Fast forward to 2012. AlexNet didn’t introduce radically new ideas, but it scaled everything the heck up and used them to win the ImageNet competition by a landslide, shocking the entire field. Its success was a cocktail of brute force and clever tricks:

  1. Bigger, Deeper: Two GPUs’ worth of bigger convolutional filters (11x11, 5x5) and more layers.
  2. The ReLU Revolution: This was their secret weapon. ReLU is computationally cheap and, crucially, it mitigates the vanishing gradient problem that plagued tanh/sigmoid, allowing them to actually train a deeper network.
  3. Dropout: They used dropout in the fully connected layers to reduce overfitting. When you have 60 million parameters, overfitting isn’t a risk; it’s a guarantee without regularization.
  4. Local Response Normalization (LRN): This was the one weird trick they used that we’ve mostly abandoned today. The idea was to encourage competition between adjacent filters. It gave a small boost then, but we now know BatchNorm is just vastly superior.

The architecture is essentially: [CONV, ReLU, MAXPOOL, LRN] -> repeat -> [CONV, ReLU] -> [CONV, ReLU] -> [CONV, ReLU, MAXPOOL] -> FC -> FC -> Output.

The Simple & Deep Elegance: VGG

After AlexNet’s slightly messy, “throw everything at the wall” approach, the VGG team from Oxford in 2014 asked a beautiful question: What if we just make everything uniform and much, much deeper?

Their contribution was architectural purity. They used a very simple, repeating building block: a stack of 3x3 convolutional layers followed by a 2x2 max-pooling layer. Why 3x3? Because two 3x3 conv layers have the same receptive field as a single 5x5 layer, but with more non-linearity (two ReLUs instead of one) and fewer parameters. It’s a more efficient way to build depth.

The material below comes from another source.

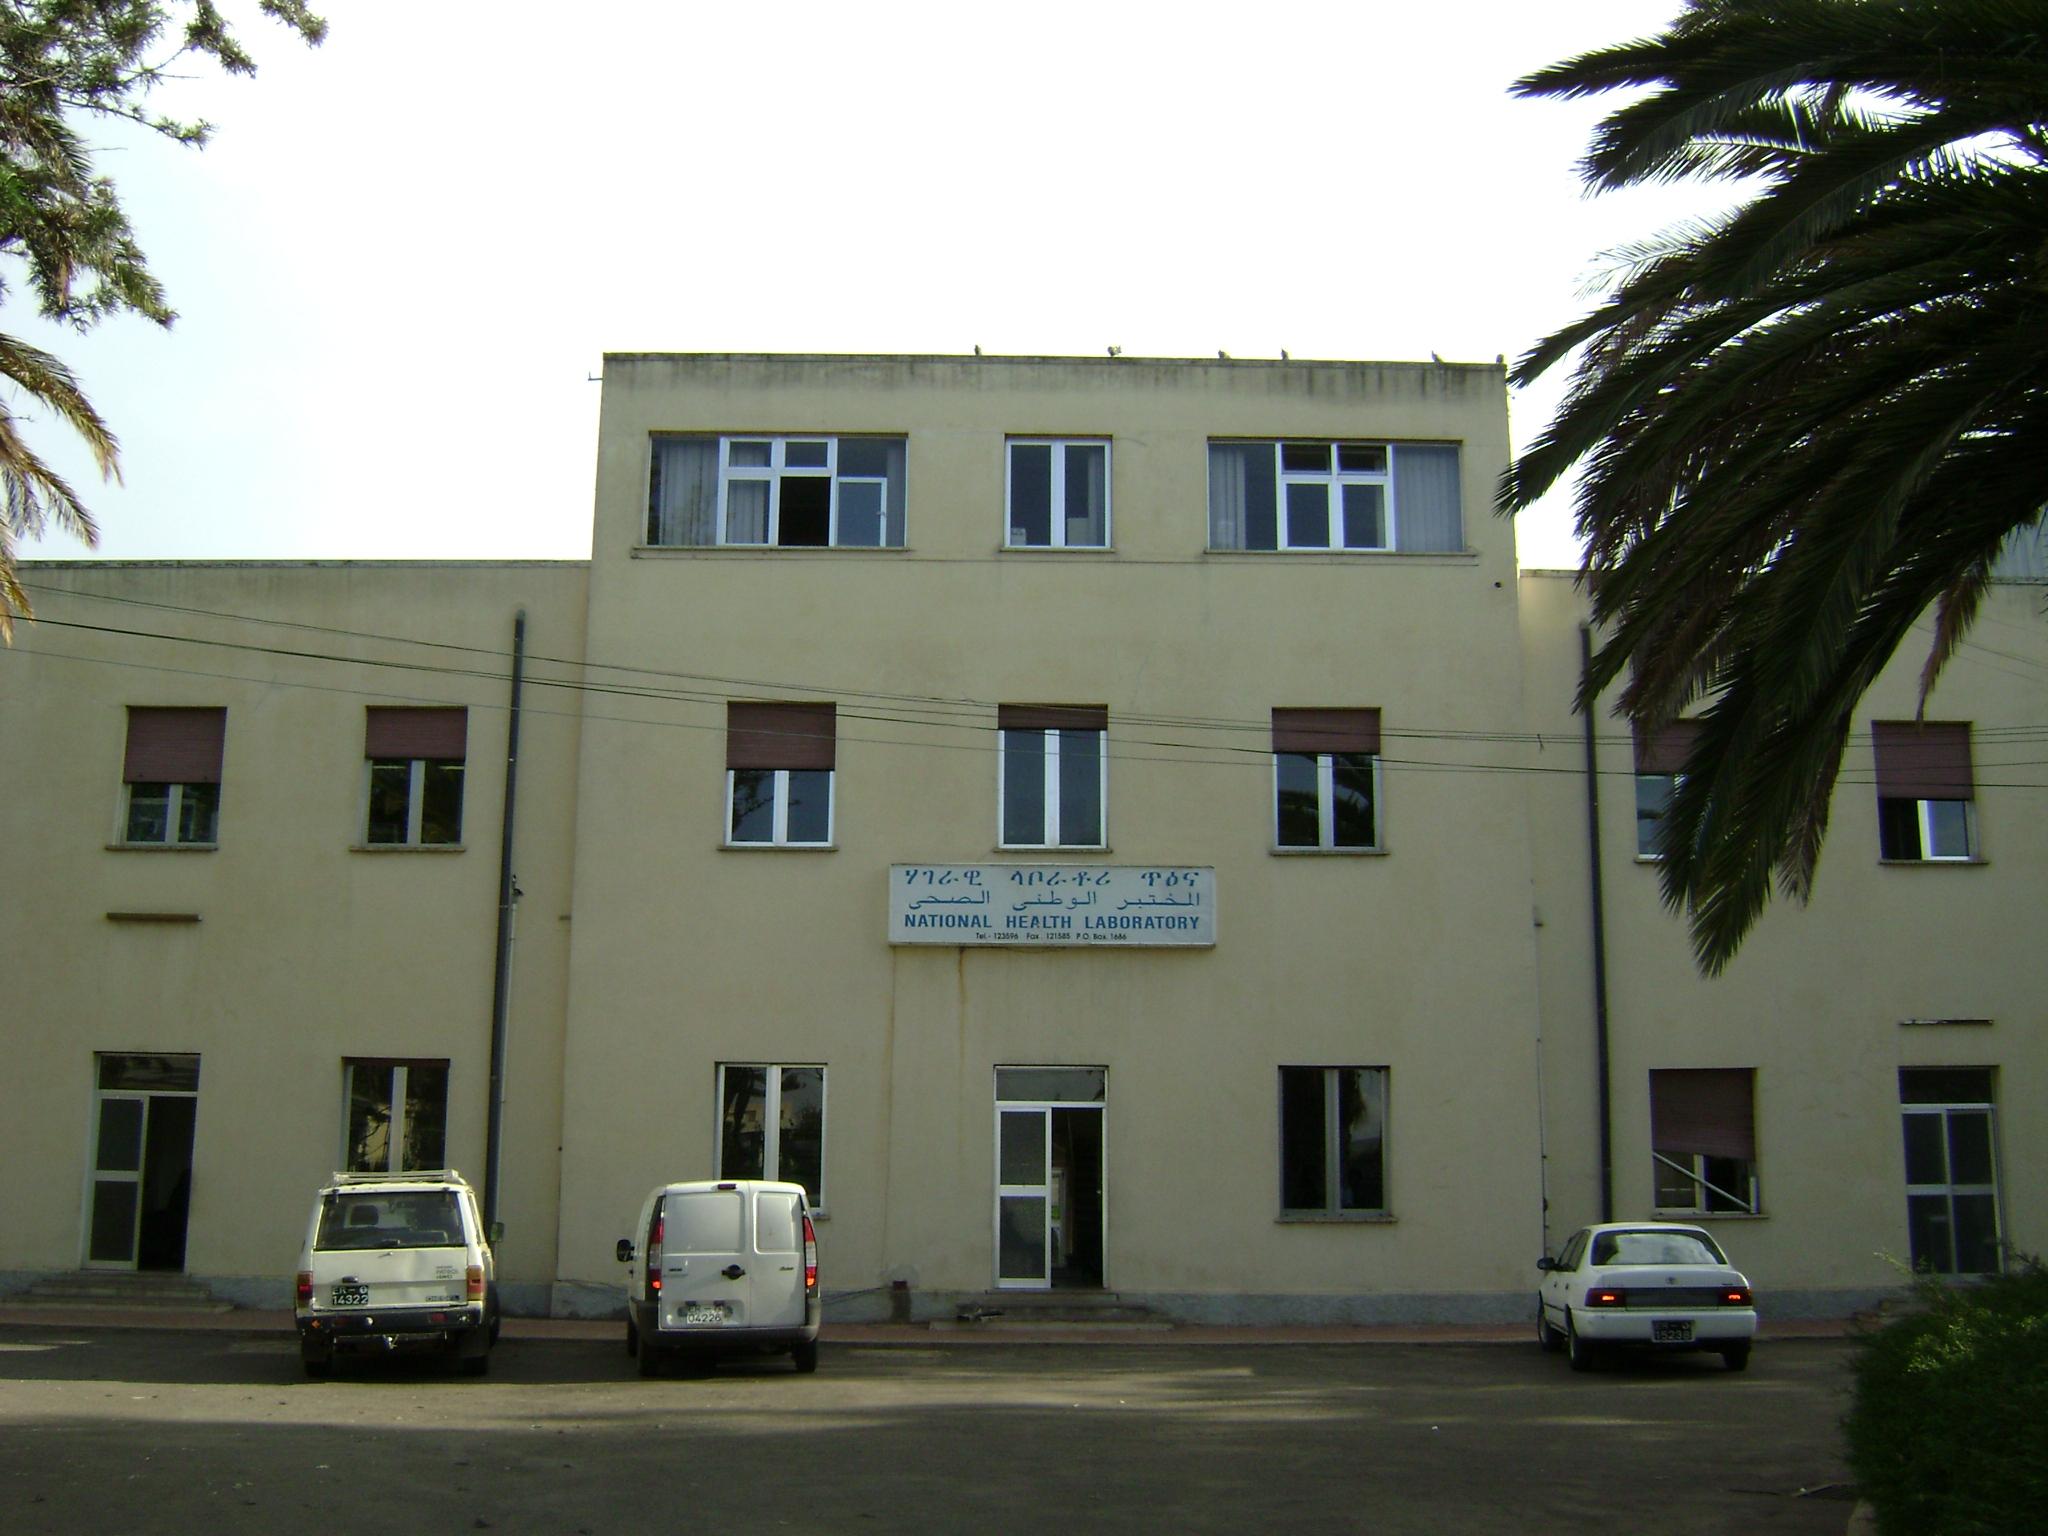 006_National Health Labs.JPG

They defined configurations like VGG-11, VGG-13, VGG-16, and VGG-19 (the numbers are layers deep). VGG-16 became the workhorse for years. Its uniform structure makes it incredibly easy to understand and implement from memory.

import torch
import torch.nn as nn

# A basic VGG block: a repeating unit of Conv layers with same padding
def vgg_block(num_convs, in_channels, out_channels):
    layers = []
    for _ in range(num_convs):
        layers.append(nn.Conv2d(in_channels, out_channels, kernel_size=3, padding=1))
        layers.append(nn.ReLU(inplace=True))
        in_channels = out_channels  # For the next conv in the block
    layers.append(nn.MaxPool2d(kernel_size=2, stride=2))
    return nn.Sequential(*layers)

# A small VGG-like network
class TinyVGG(nn.Module):
    def __init__(self, num_classes=10):
        super(TinyVGG, self).__init__()
        self.features = nn.Sequential(
            vgg_block(2, 3, 64),   # Two convs, 64 filters
            vgg_block(2, 64, 128), # Two convs, 128 filters
            vgg_block(3, 128, 256), # Three convs, 256 filters
            # ... you could keep going to build VGG-16
        )
        self.classifier = nn.Sequential(
            nn.Linear(256 * 4 * 4, 4096), # Again, mind the dimensions!
            nn.ReLU(True),
            nn.Dropout(),
            nn.Linear(4096, 4096),
            nn.ReLU(True),
            nn.Dropout(),
            nn.Linear(4096, num_classes),
        )

    def forward(self, x):
        x = self.features(x)
        x = torch.flatten(x, 1)
        x = self.classifier(x)
        return x

The glaring weakness of VGG? It’s a parameter monster. Those first few fully connected layers have huge weight matrices (e.g., 512x7x7 -> 4096). This makes the model large on disk and slow to run. While elegant, its inefficiency is why we moved to architectures like ResNet and Inception that give you more bang for your computational buck. But for understanding the power of simple, stacked depth, VGG is unbeatable.